Humans do not have the ability to upgrade our software. If a person is in combat and sees her closest friends (or family) brutally hacked to pieces, there is a chance her psyche will break under the stress of such loss — leading either to a loss of combat effectiveness or, in terrible and rare circumstances, unjustifiable acts of violence against others. If a robot goes wrong, however, there are better options for fixing the problem: not only improving the chain of command so it is only deployed when militarily necessary (a necessary precondition for any sort of armed conflict anyway), but flashing the firmware or even doing a complete systems upgrade so that same failure is never repeated. Think of how commercial aircraft have become the most reliable and safest mode of transportation available: because their black boxes record what went wrong in a crash, and both the airplanes and the procedures governing how they’re used are updated to account for the new data to prevent a similar failure in the future. (Interestingly, there are also autopilots that can fly these same airplanes without human input should the pilot become incapacitated, much like the incipient driverless car future Google is developing right now — which raise far more immediate concerns about robots and autonomy that ICRAC would rather not discuss.)

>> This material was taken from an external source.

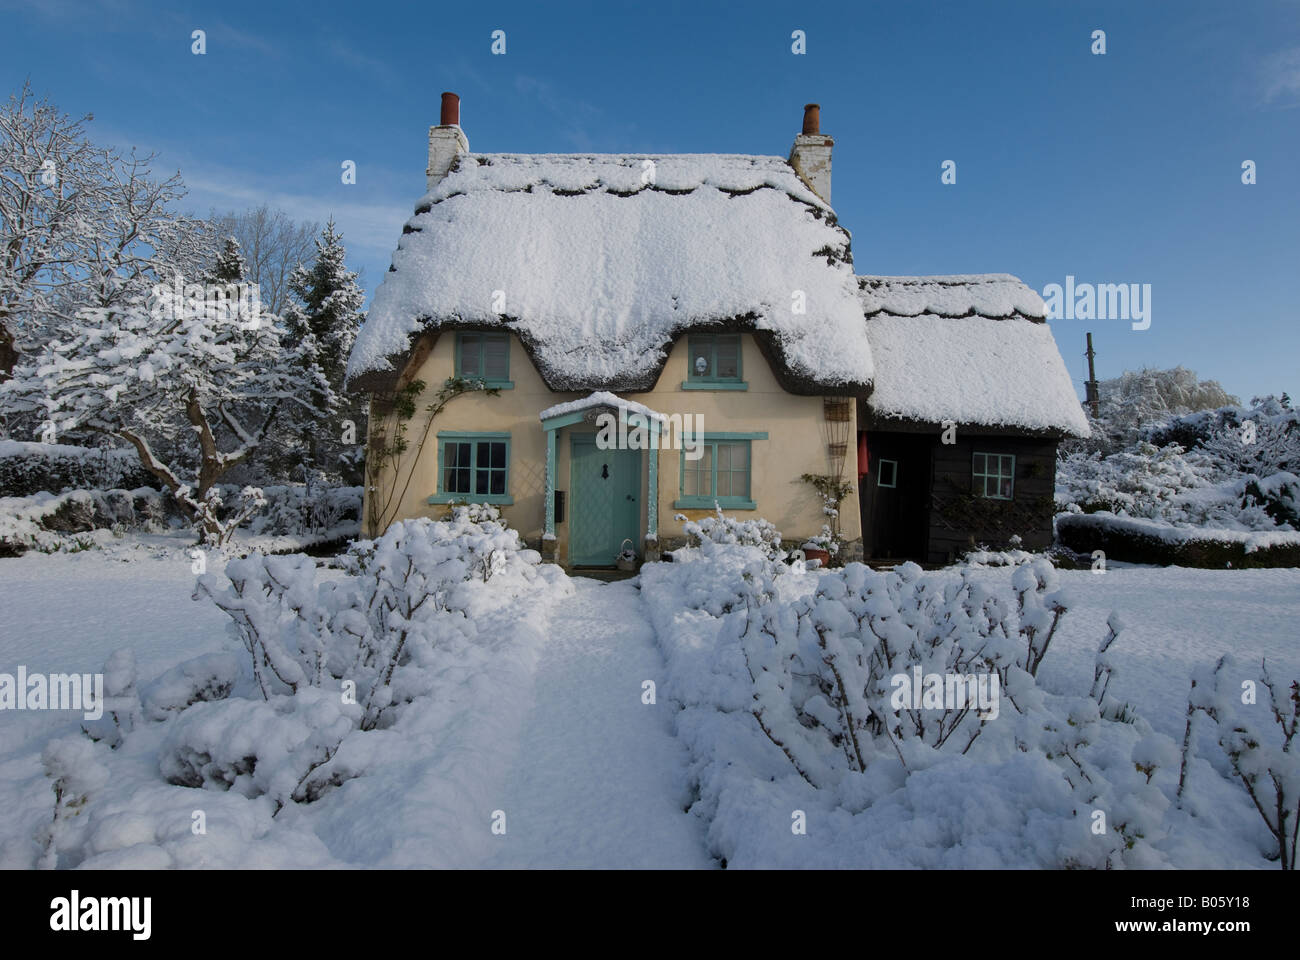 A thatched cottage on a sunny snowy day, Warwickshire, England, UK. Stock Photo

The reality is, invoking unintended consequences is a canard meant to circumvent discussion about developing autonomy. When you look at what is really at stake for autonomous robots, it’s not as simple as a scary terminator. No known armed robot has a terribly massive weapons load: should, say, an autonomous MQ-9 Reaper go wrong, at most it has a few missiles with low-explosive warheads in it— that’s just how it’s used, and what it’s best for (I’m ignoring the very real fact that a B2 stealth bomber can, under certain circumstances, still carry out its bombing mission without human input, since the assumption there is that humans are in control to begin with). That can certainly cause a lot of damage, but it is not the apocalypse so many drone-phones paint it out to be. It is certainly not the Terminator.

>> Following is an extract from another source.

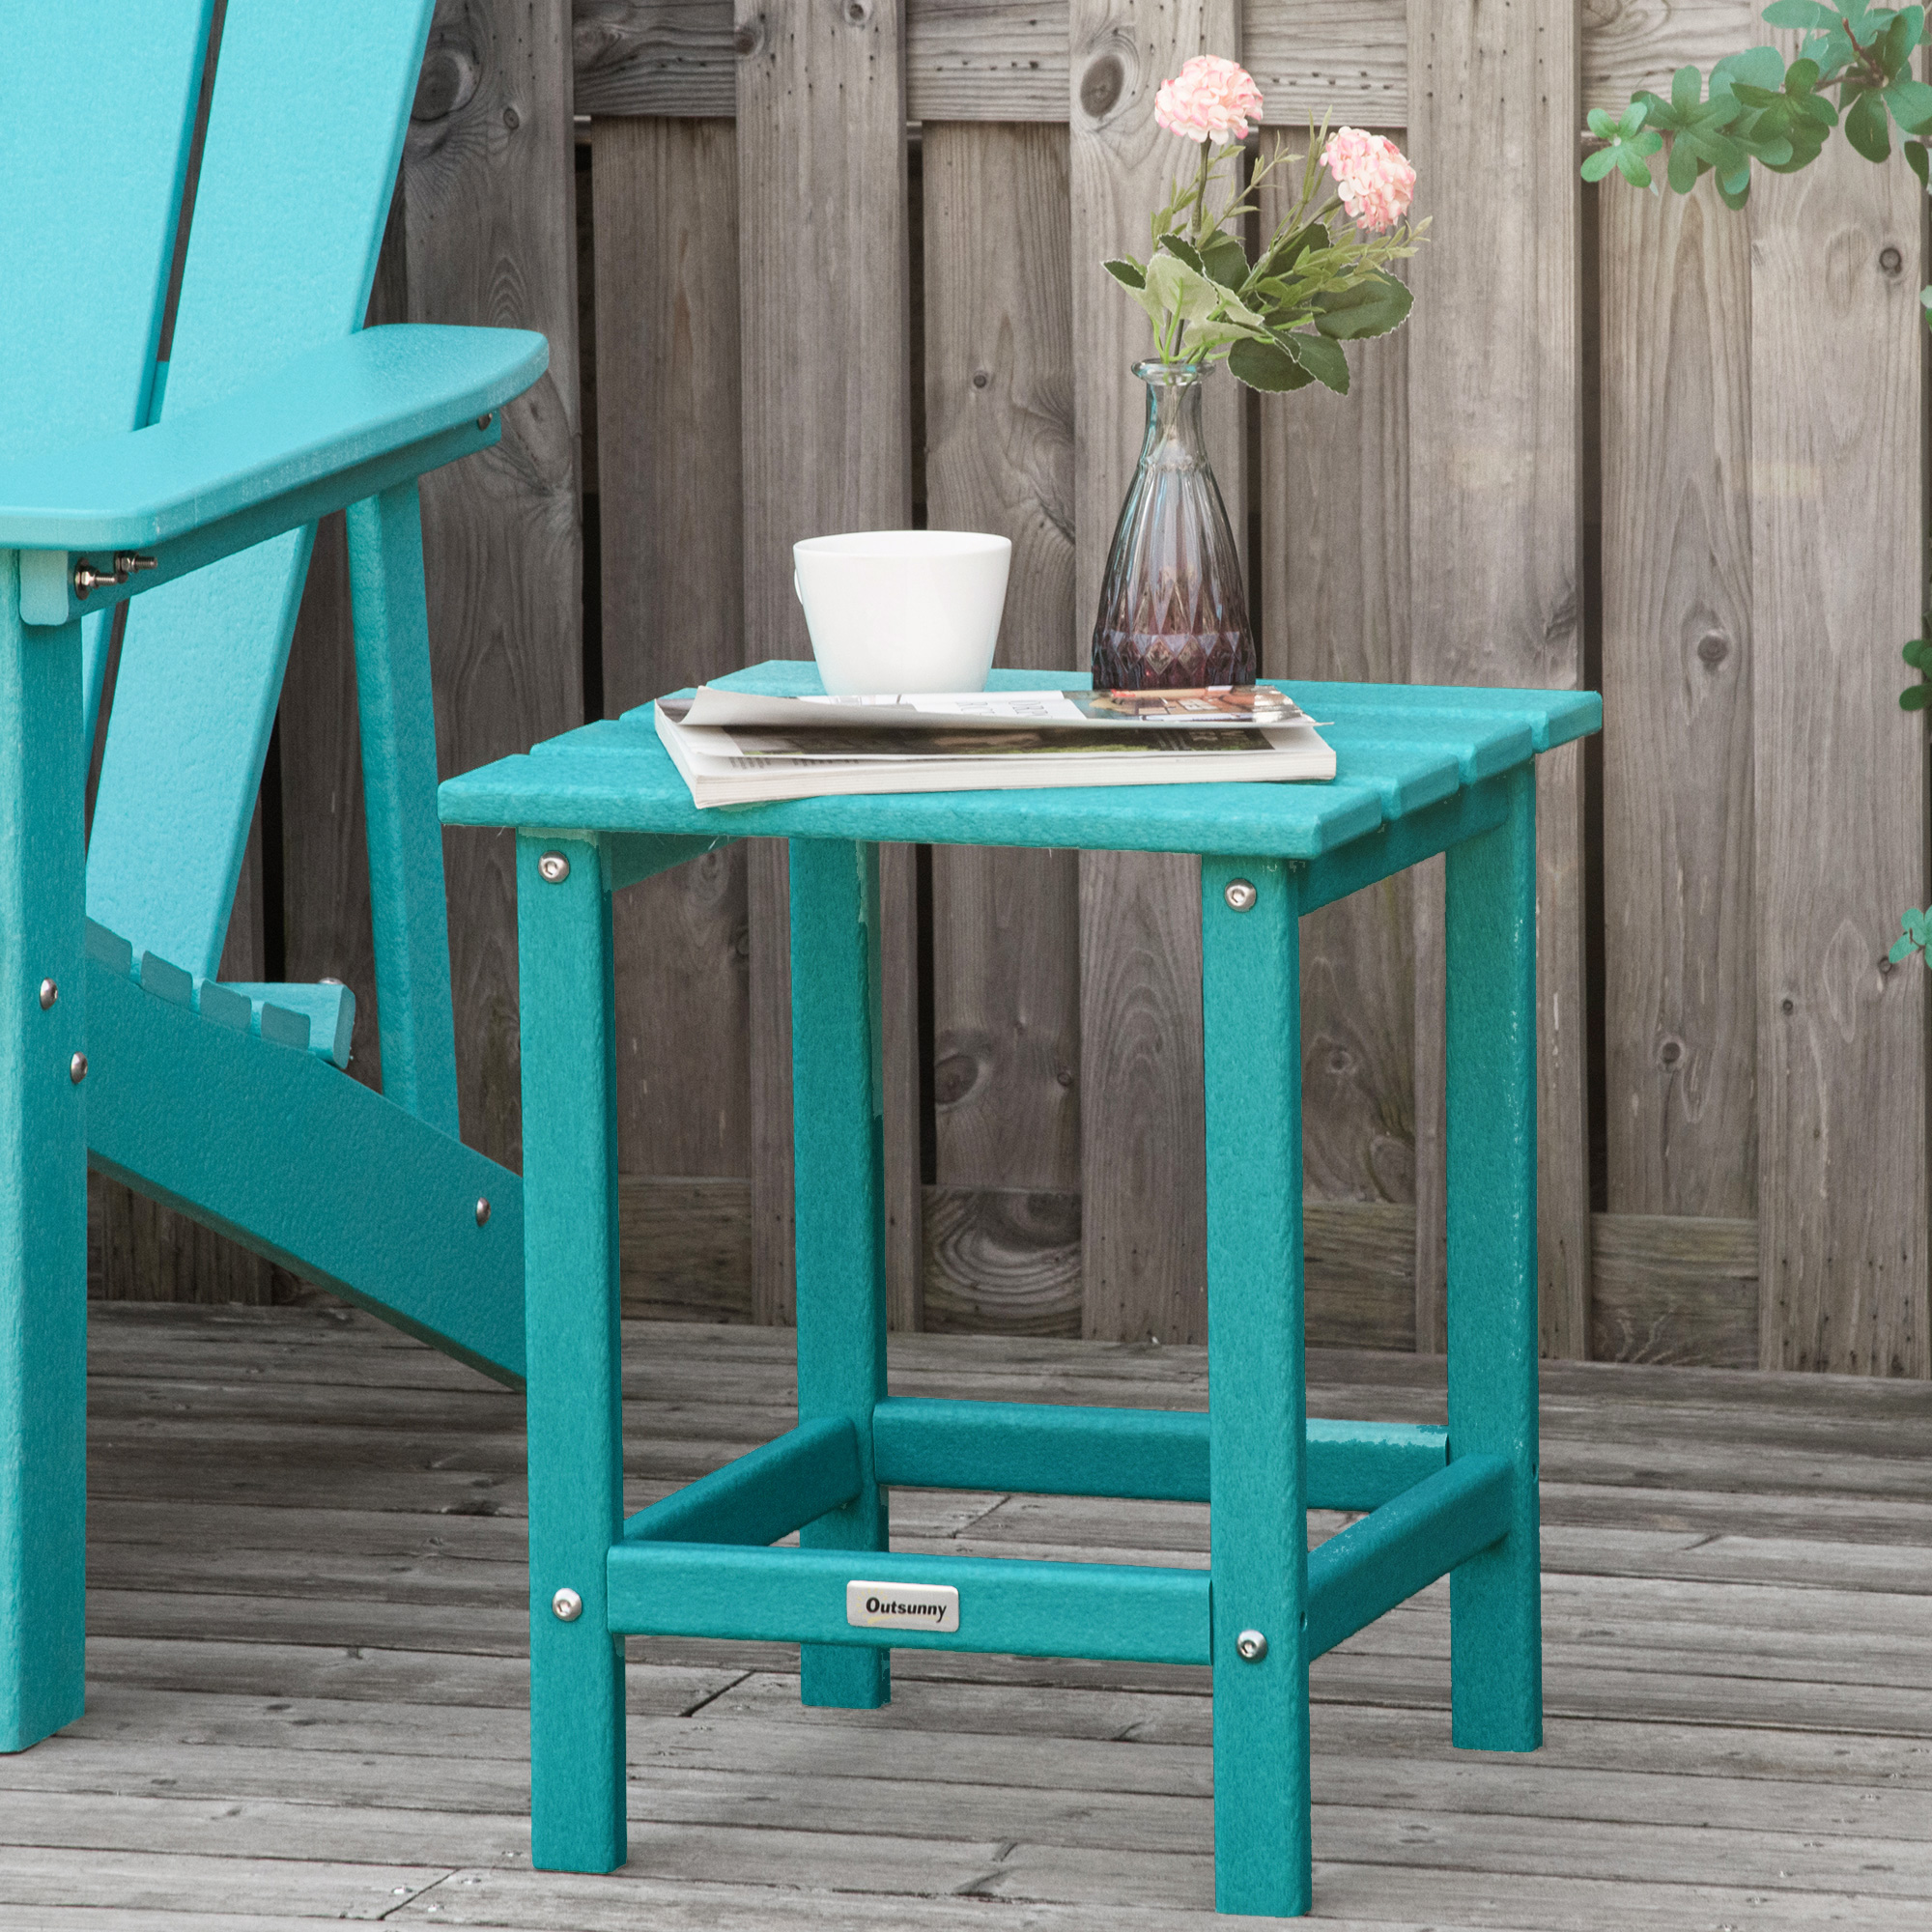 Outsunny 15" Patio End Table, HDPE Plastic, Turquoise - image 2 of 9

Moreover, the discussion about what would make for an appropriate combatant is relevant as well. Robots are already being developed to form emotional bondswith humans. One can discount that as a mere simulation, but the “realness” of programmed emotions are nevertheless real to the robot — it will make decisions and alter its communications in response to them. If someone then programs a lethal autonomous robot to feel that same kind of emotional attachment to innocent civilians, or to its own side in a war… what happens then? Is that the robot horror show akin to cluster munitions and land mines, to which groups like ICRAC often compare lethal autonomous machines?
I don’t see how that is the case. It is equally likely that an autonomous robot will refuse to fire its weapons as often as a human does if it’s programmed to follow the same Rules of Engagement and have the same base-level emotional desire not to wantonly kill other humans. War is a messy chaos of constructive and unconstructive emotions — both mercy and mercilessness, compassion and hatred, cold rules and hot desires.

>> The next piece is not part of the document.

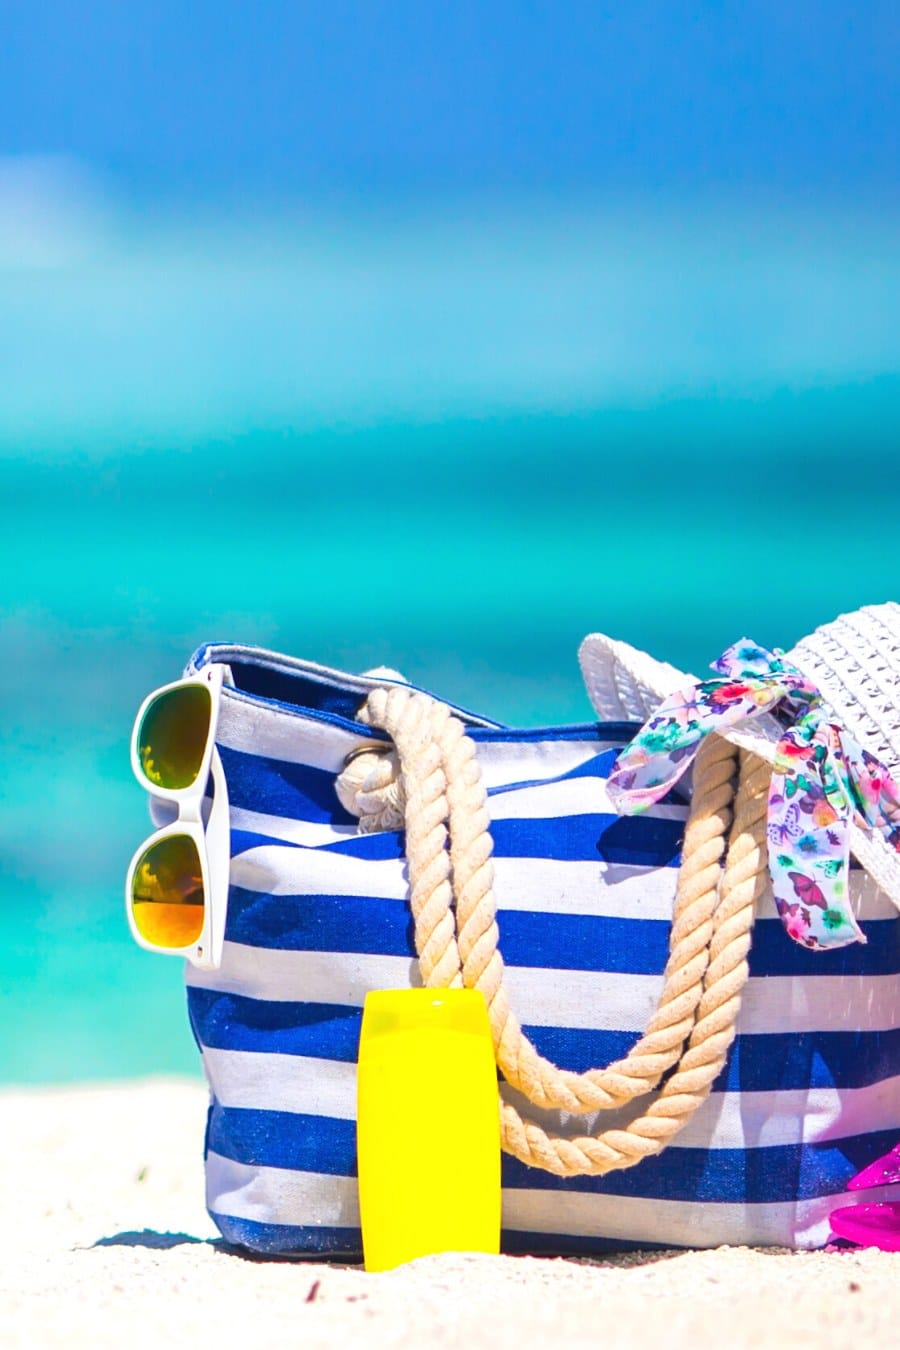 blue and white striped beach bag with sunglasses, sunblock and a hat sitting on sandy beach

Developing autonomy for robots is one possible way those counterproductive negative emotional decisions can be removed from war entirely — lessening the impact on civilian populations, reducing the number of soldiers that need to die for a side to lose, and restricting to geographic impact of fighting. Getting mired in sci-fi nonsense about the apocalypse and advocating a technology ban not only muddies any discussion about how autonomous weapons can be regulated, developed, and used effectively, it also makes it likely that war will continue to be a horrible, brutal thing that disproportionately affects civilians. And if the ultimate goal is to prevent that from happening, why wouldn’t you want technology to accomplish it?